**WORK REQUIRED:** Copy without pictures. Please restate each line of the listing exactly.

**DATA SHOWN:**
====

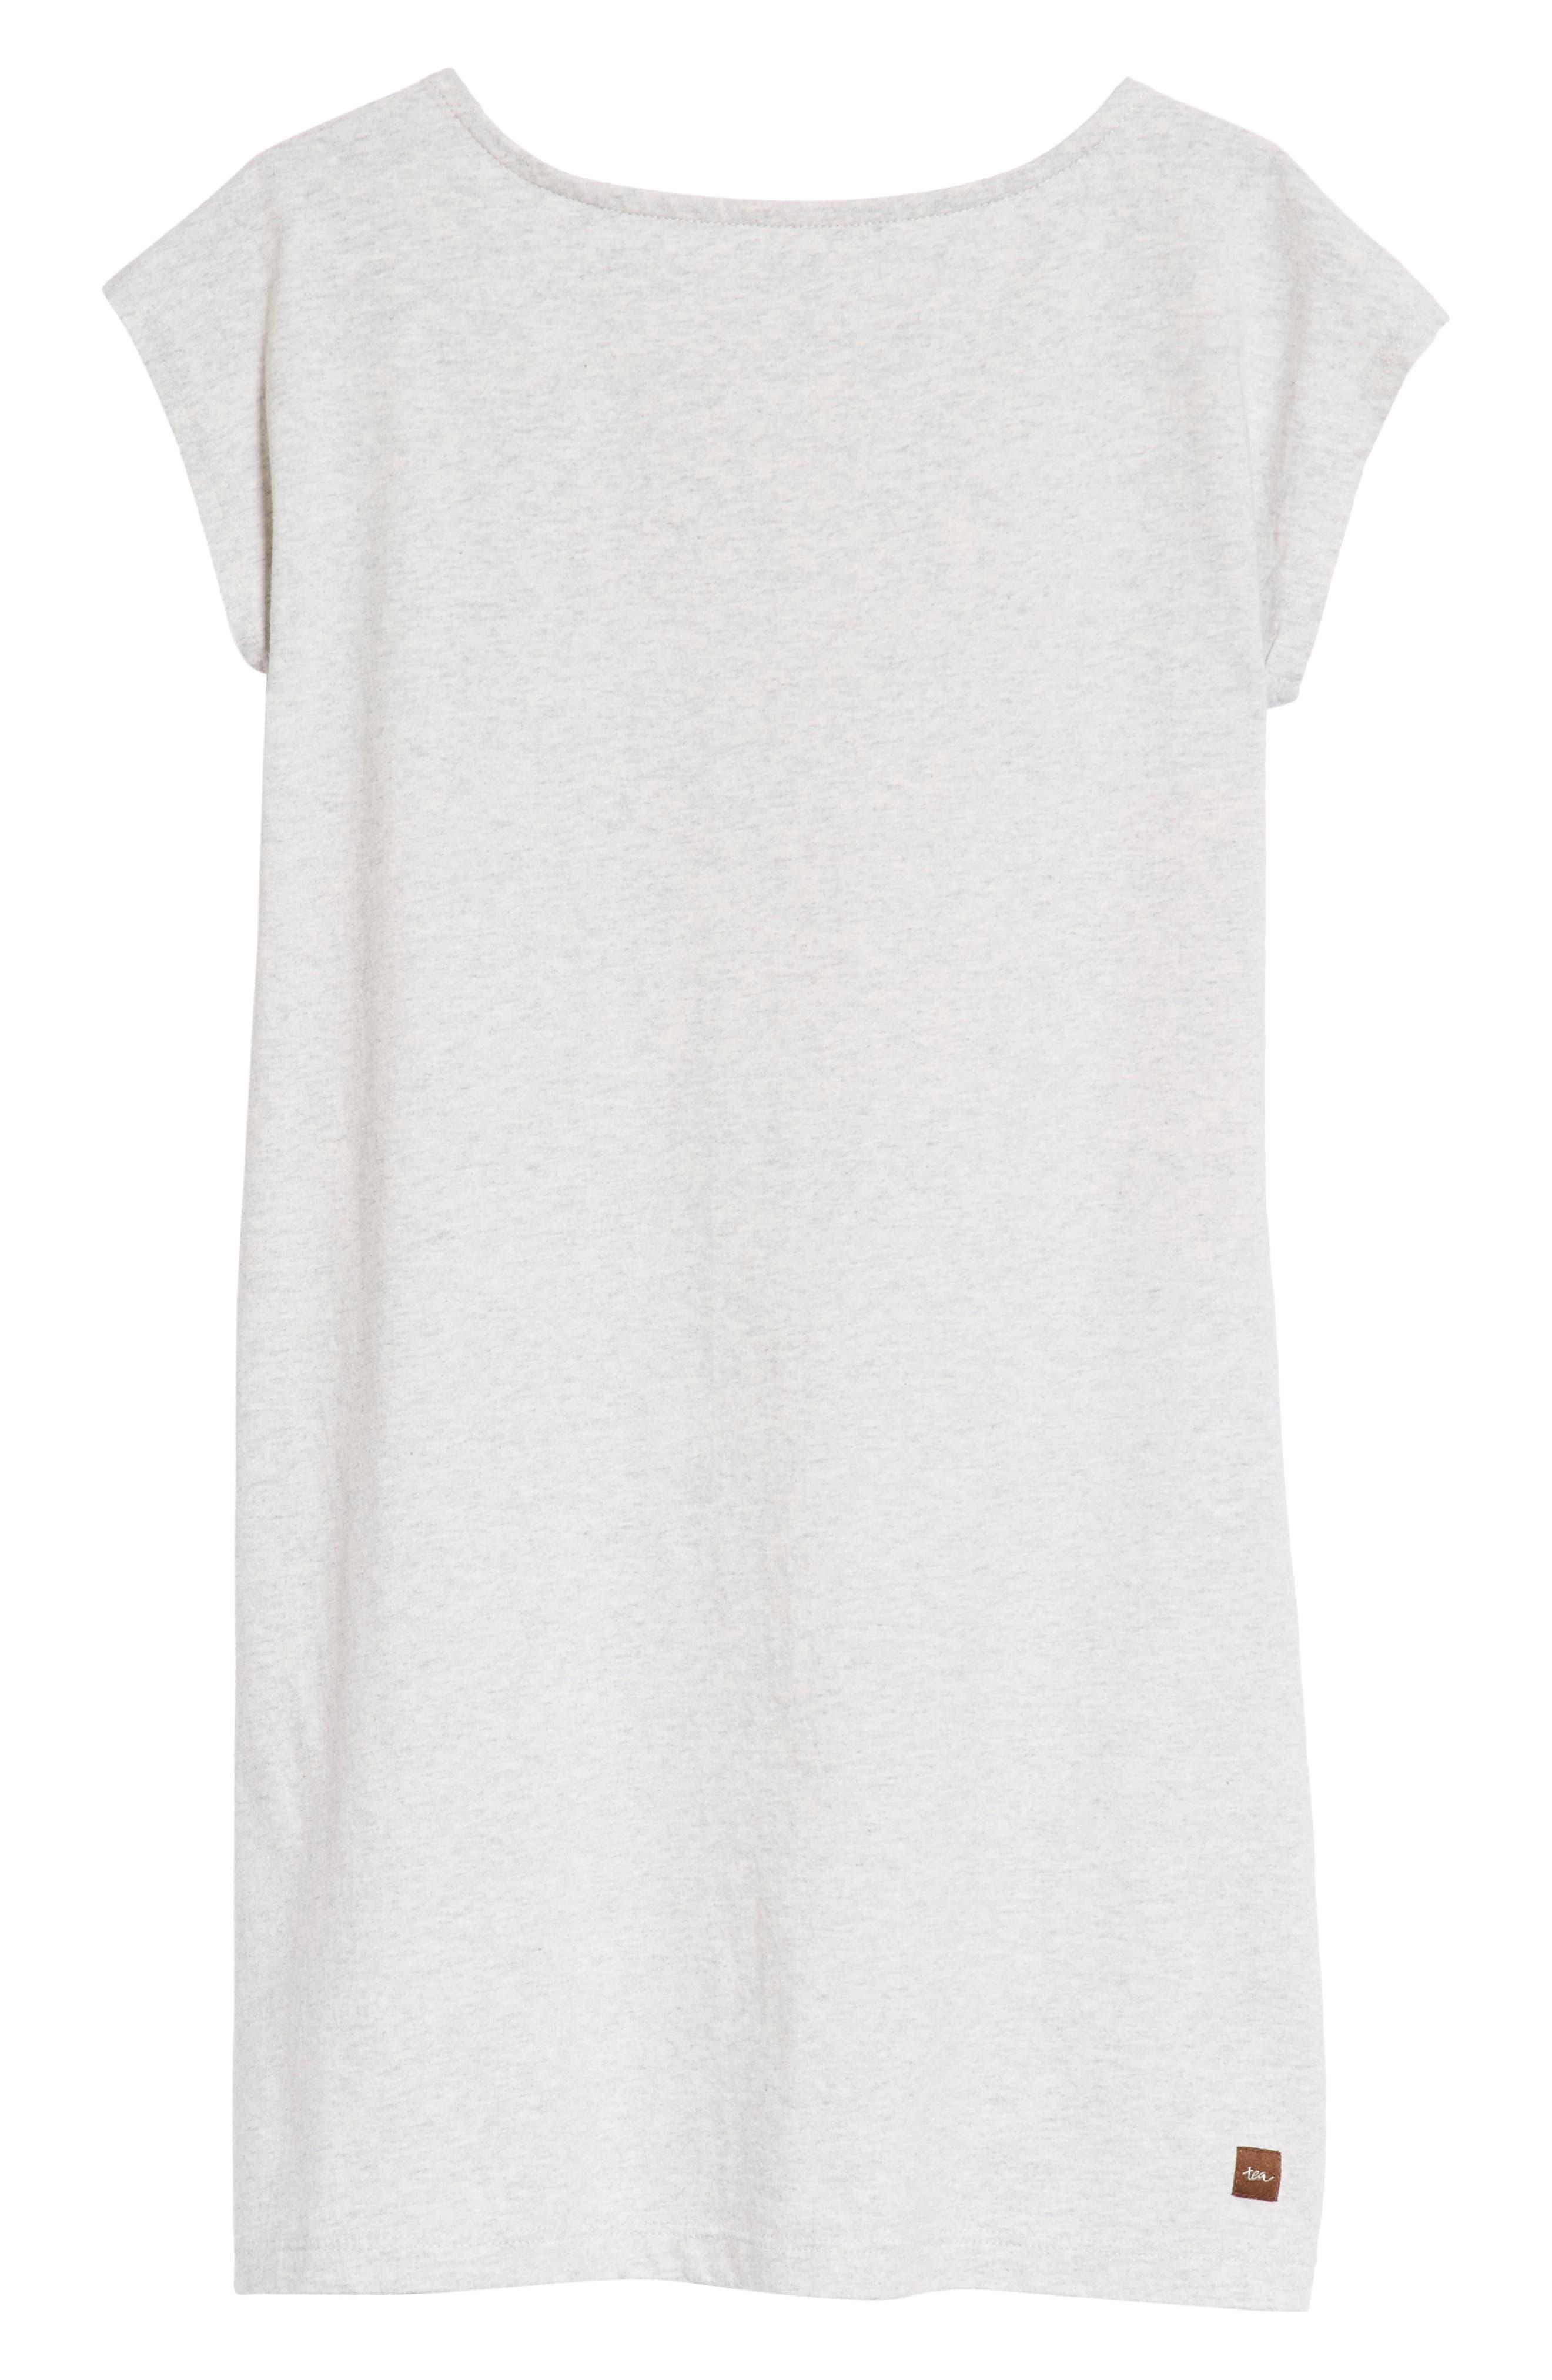 Flamingo T-Shirt Dress,                             Alternate thumbnail 2, color,                             Light Grey Heather
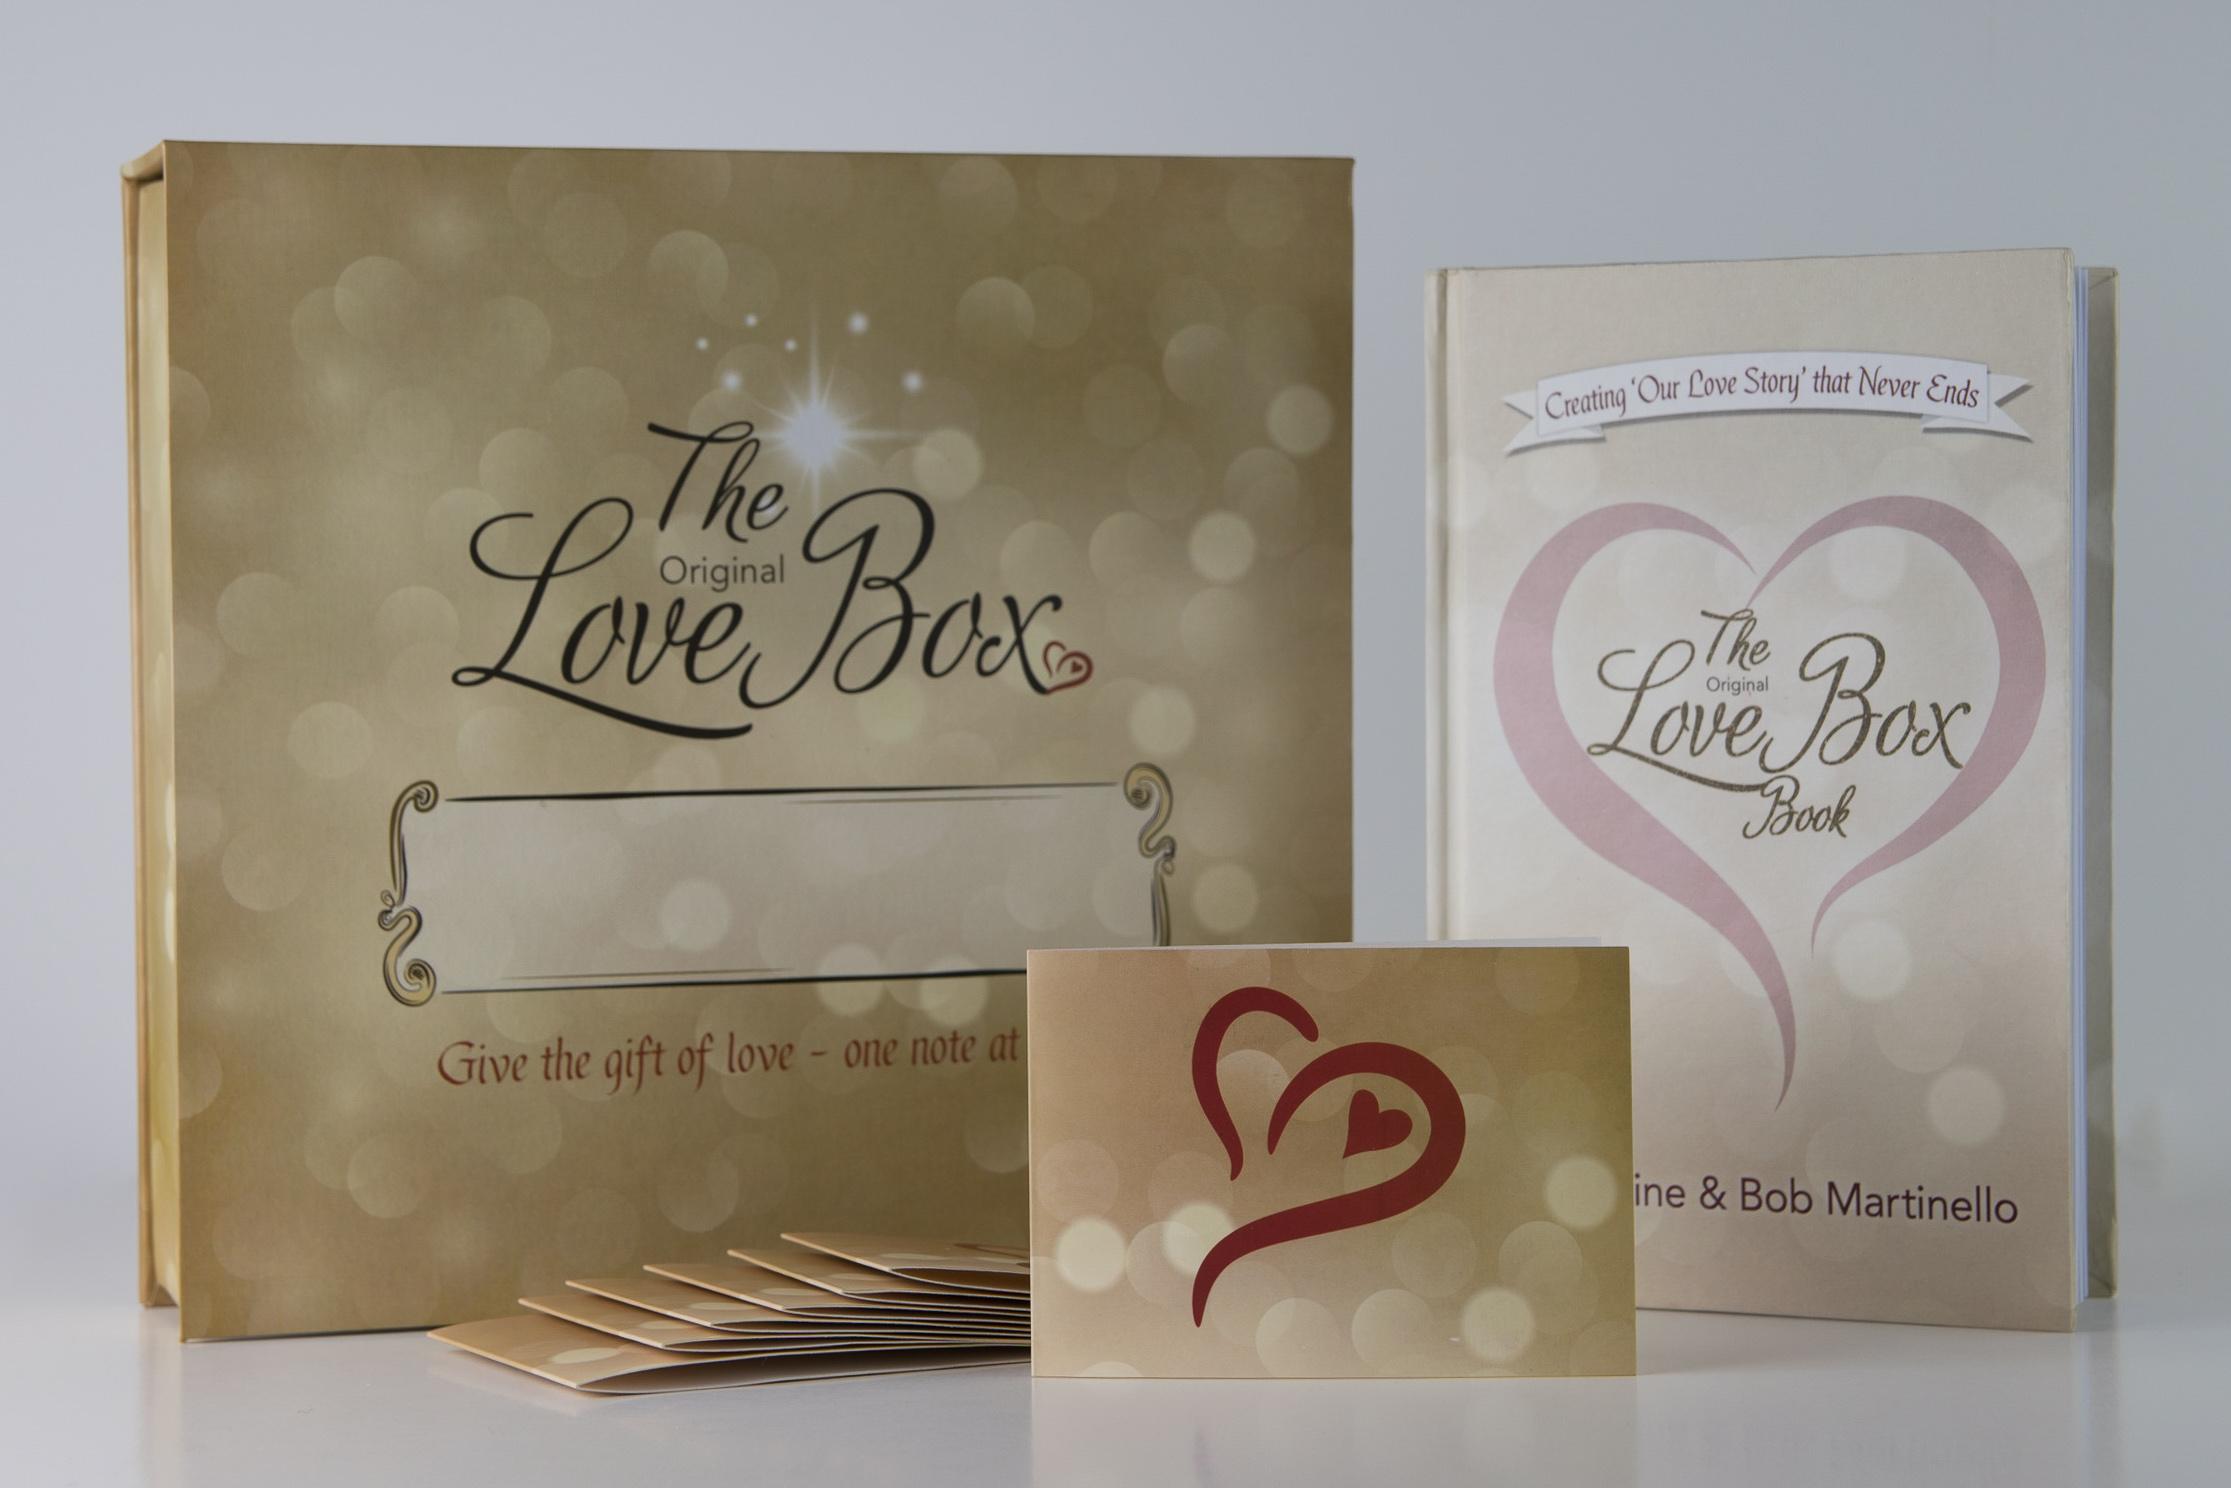 Original Love Box
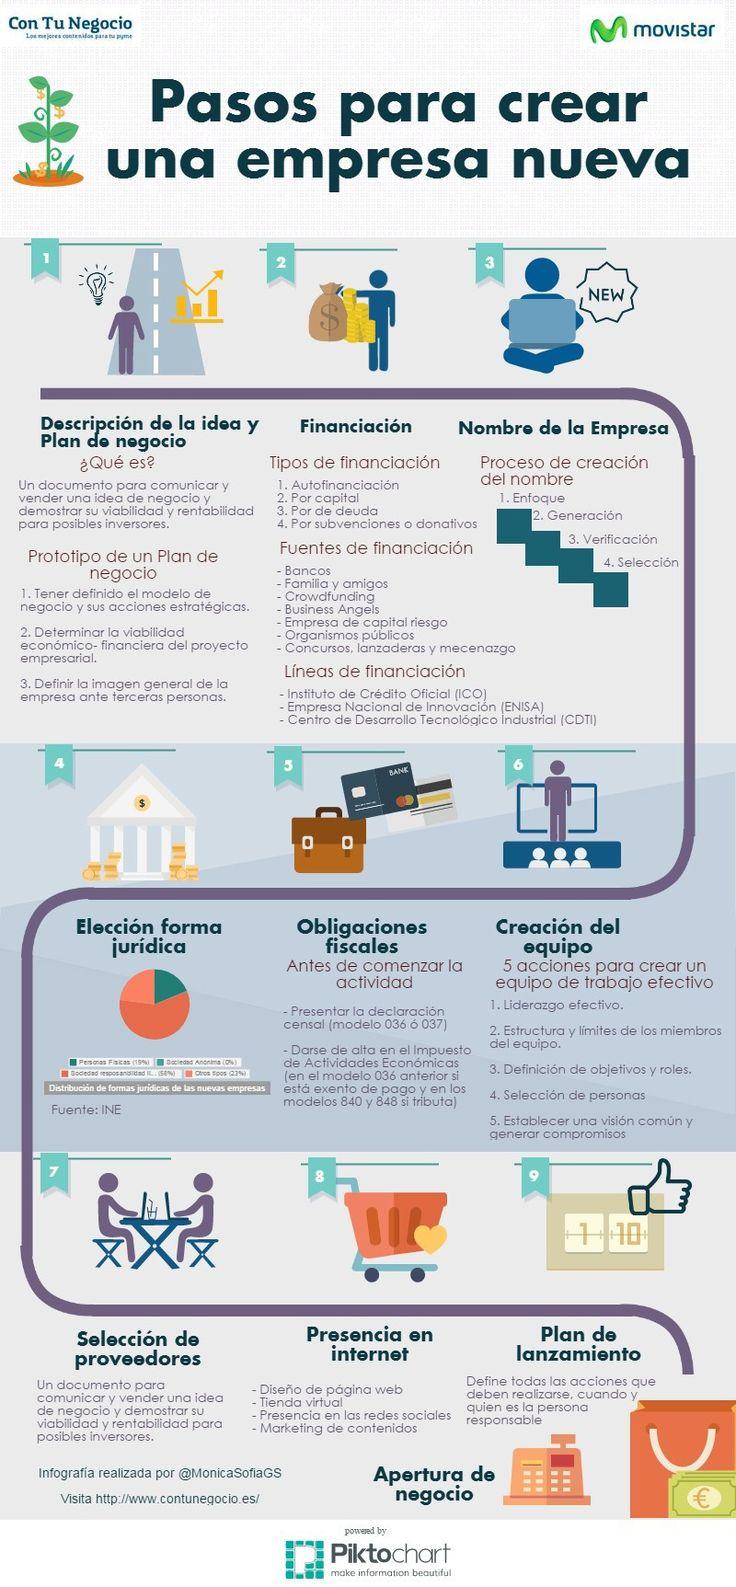 Pasos para crear una empresa nueva #infografia #infographic #entrepreneurship

====

**RESULT BELOW:**
 Flamingo T-Shirt Dress,                             Alternate thumbnail 2, color,                             Light Grey Heather
 Original Love Box
 Pasos para crear una empresa nueva #infografia #infographic #entrepreneurship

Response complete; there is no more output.